Flying Dagger (神經刀與飛天貓) 1993


ça fait plaisir
3-75
Remix en roue libre de l’excellent Dragon Inn, Flying dagger est réjouissant, qu’on se le dise. Réalisé par le très « conciliant » taïwanais Chu Yin Ping (Fantasy mission force, Golden Queen Commando et les Shaolin Popeye, ouch !! mais aussi Island of fire ou Hunting List dans un tout autre genre), il capitalise ici à fond sur les multiples succès du genre comédie wu xia fantastique comme il l’a déjà fait dans les années 80 avec les films d’action aventure sans queue ni tête.

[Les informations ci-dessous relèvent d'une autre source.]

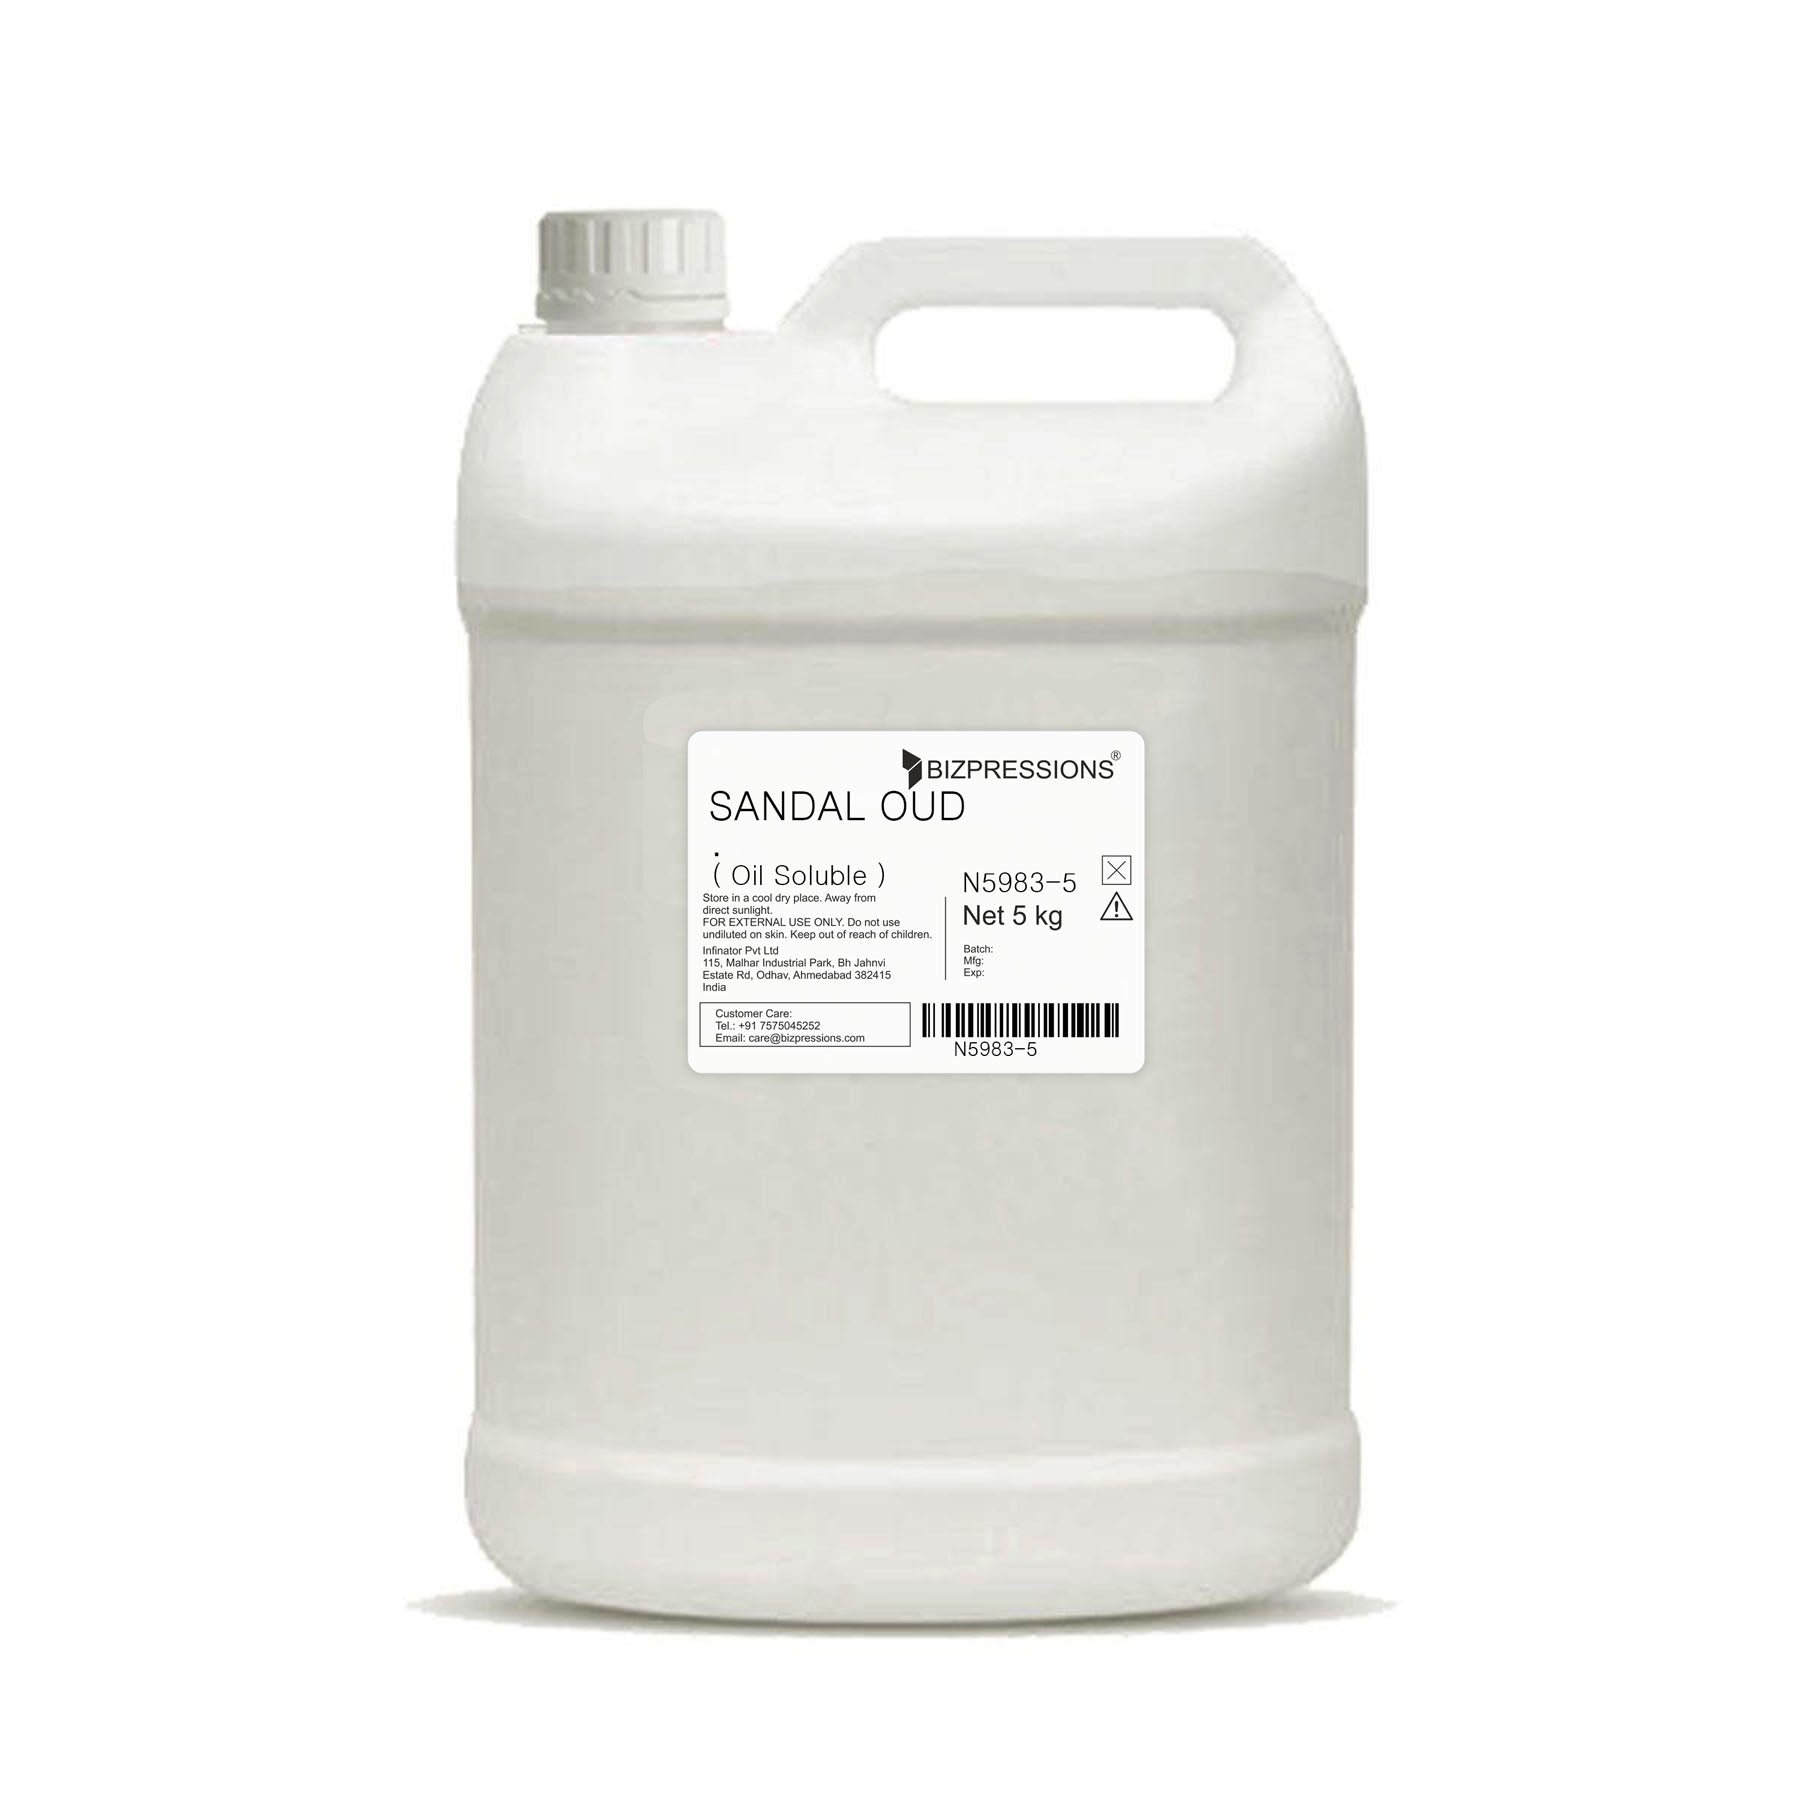 SANDAL OUD - Fragrance ( Oil Soluble ) - 5 kg

Même si Flying Dagger ne tient pas la comparaison avec d’autres poids lourds comme Evil cult, Claws of Steel, les plus sérieux Swordsman 1 et 2 ou son illustre concurrent direct Eagle shooting heroes, son rythme constant et sa bonne humeur déjantée sont trop communicatives pour le délaisser. La recette mélange tout ce que l’on connait du genre éprouvé voire éculé : une brochette de stars qui s’éclatent à jouer des combattants fantastiques loufoques aux pouvoirs excentriques comme le faisait si bien Eagle Shooting Heroes (renard à neuf queues, chatte sauvage, …), du gag obsédé bien gras et en masse pondu par un Wong Jing enjoué et échaudé, des combats typiques de Ching Siu Tung où la frappe et le contact n’ont aucune importance, où seul compte le mouvement frénétique jusqu’à l’illisible total. L’action très présente n’a donc pas grand chose à offrir au pur fan martial mais les techniques telles les griffes de Maggie Cheung, les queues de Jackie Cheung ou le « souffle tempête » de Cheng Hung Lieh raviront l’amateur de tricks fantaisistes autant que Ng Man Tat, tenancier ravi d’assister à la destruction progressive de son hôtel. Flying dagger est bringuebalant, pioche et repompe beaucoup (même la main coupée de La Famille Addams) mais offre un joyeux boxon très rythmé et des situations comiques qui fonctionnent, voire novatrices, comme la machine à dessiner ce qui se passe.

Chu Yin Ping est coutumier des tournages dans l’urgence dont Island of Fire est un bon exemple de résultat convaincant. Il pond à grande vitesse, à la demande des studios, des films qui le cloisonne (trop selon lui, au point qu’il en viendra à être fatigué de réaliser dans ces conditions sans pouvoir y faire grand chose) dans le registre de la comédie d’action bêtifiante. Il a dû faire de son mieux ici pour faire coïncider ne serait-ce que quelques jours les plannings de ses stars et assembler un puzzle chaotique de pellicules surtout pas réalisées chronologiquement. Il avoue lui-même que certains des rôles principaux ne se sont même jamais croisés pendant tout le tournage. Pour autant, ses films tirent aussi partie de cette urgence par une énergie brute et réjouissante dont Flying dagger est un excellent exemple, même si beaucoup de spectateurs et son réalisateur en première ligne définissent le tout comme un beau gâchis. J’en suis pour ma part ressorti avec une impression rafraîchissante et un sourire niais bienvenu en dépit des multiples avatars du genre déjà engloutis.